According to Rabbi Greenbaum, the respect that Lev Shomea has for the yeshiva system in general, and mashgichim and roshei yeshiva in particular, is a major component of the hotline's success.

"We act as a buffer between the boys who call and the yeshivas they attend," he explains. "In order for us to be able to walk this tightrope, we have to earn the respect and trust of both sides."

He adds that only when a boy feels that he is missing the fundamental messages of Yiddishkeit, which he should have picked up along the way but evidently didn't, should an outside group such as Lev Shomea step into what until recently has been considered the yeshiva's domain and help the boy gain chizuk.

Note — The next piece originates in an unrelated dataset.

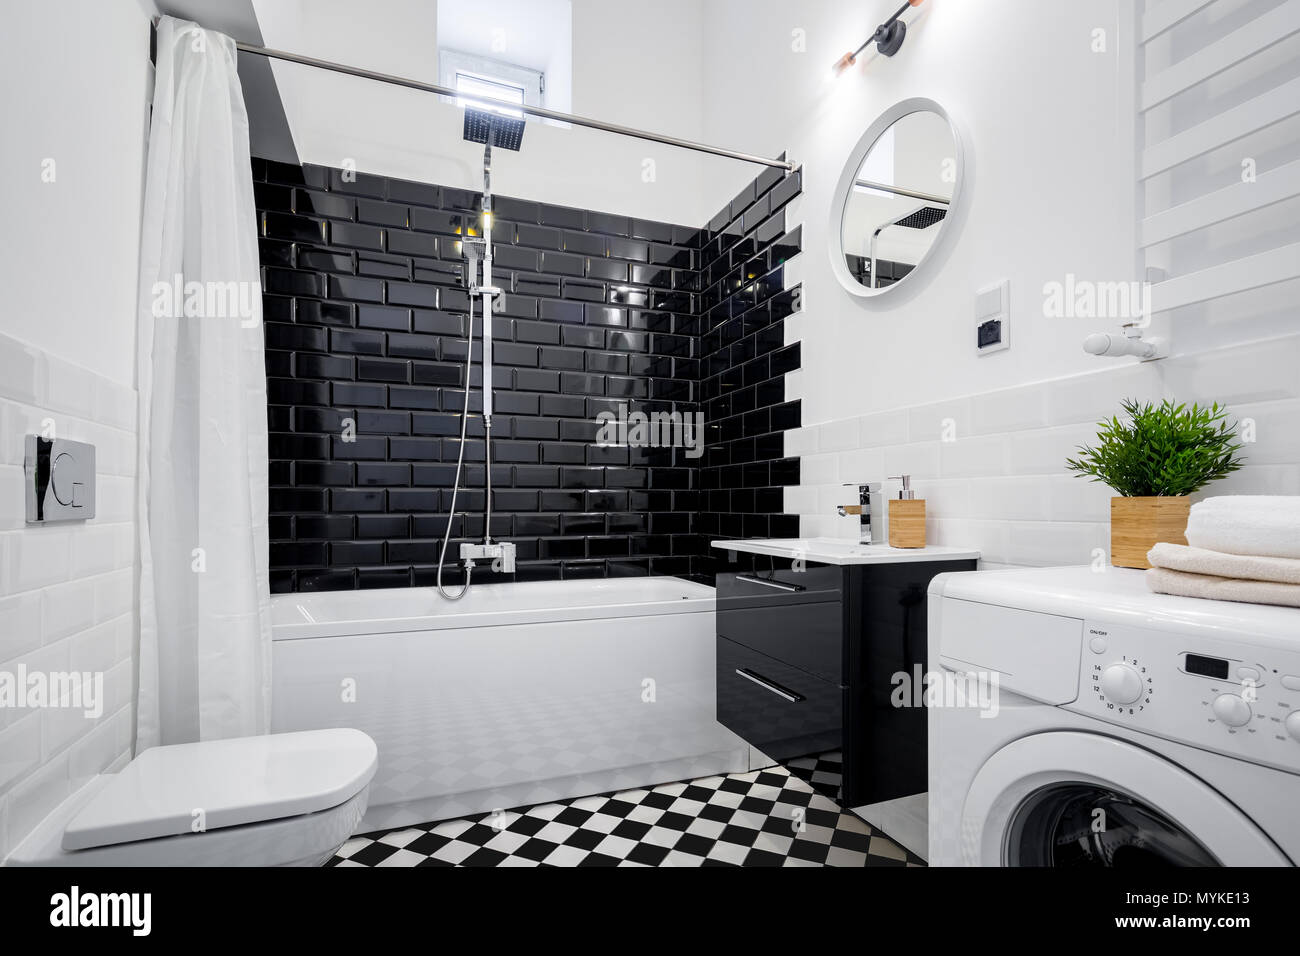 Black and white bathroom with bathtub, toilet and washer Stock Photo

"In the past, bochurim would pick up these basic principles on their own," Rabbi Greenbaum says. "Today, more often than not, it doesn't happen that way. Lev Shomea's primary role is to fill this vacuum."

Siyata DeShmaya is the Key

Although the majority of cases Lev Shomea deals with have happy endings, not all of them do. And those are the toughest moments of all for the staff.

"It's a very hard moment when you realize you've lost a boy," says Rabbi Greenbaum, his voice catching a bit on the last three words. "What do I do at such times? I daven for the boy. I drive myself crazy thinking what I could have done differently. I loose sleep. I try to convince myself that I did everything in my power, and that if my kavonoh was sincere, he will somehow come back to me one day and I'll get a second chance.

"We see a lot of siyata deShmaya like that. Sometimes you think you've lost a kid -- and then months later he calls you up out of the blue and you get another crack at it."

What motivates Lev Shomea staff members to keep going, day in and day out?

Rabbi Greenbaum laughs. "A psychologist will say that doctors are attracted to medicine because they are afraid of death. I guess the truism applies to me as well. I had a case in my family. I helped the bochur and I discovered that I have some of the tools needed in this kind of work. I want to help others."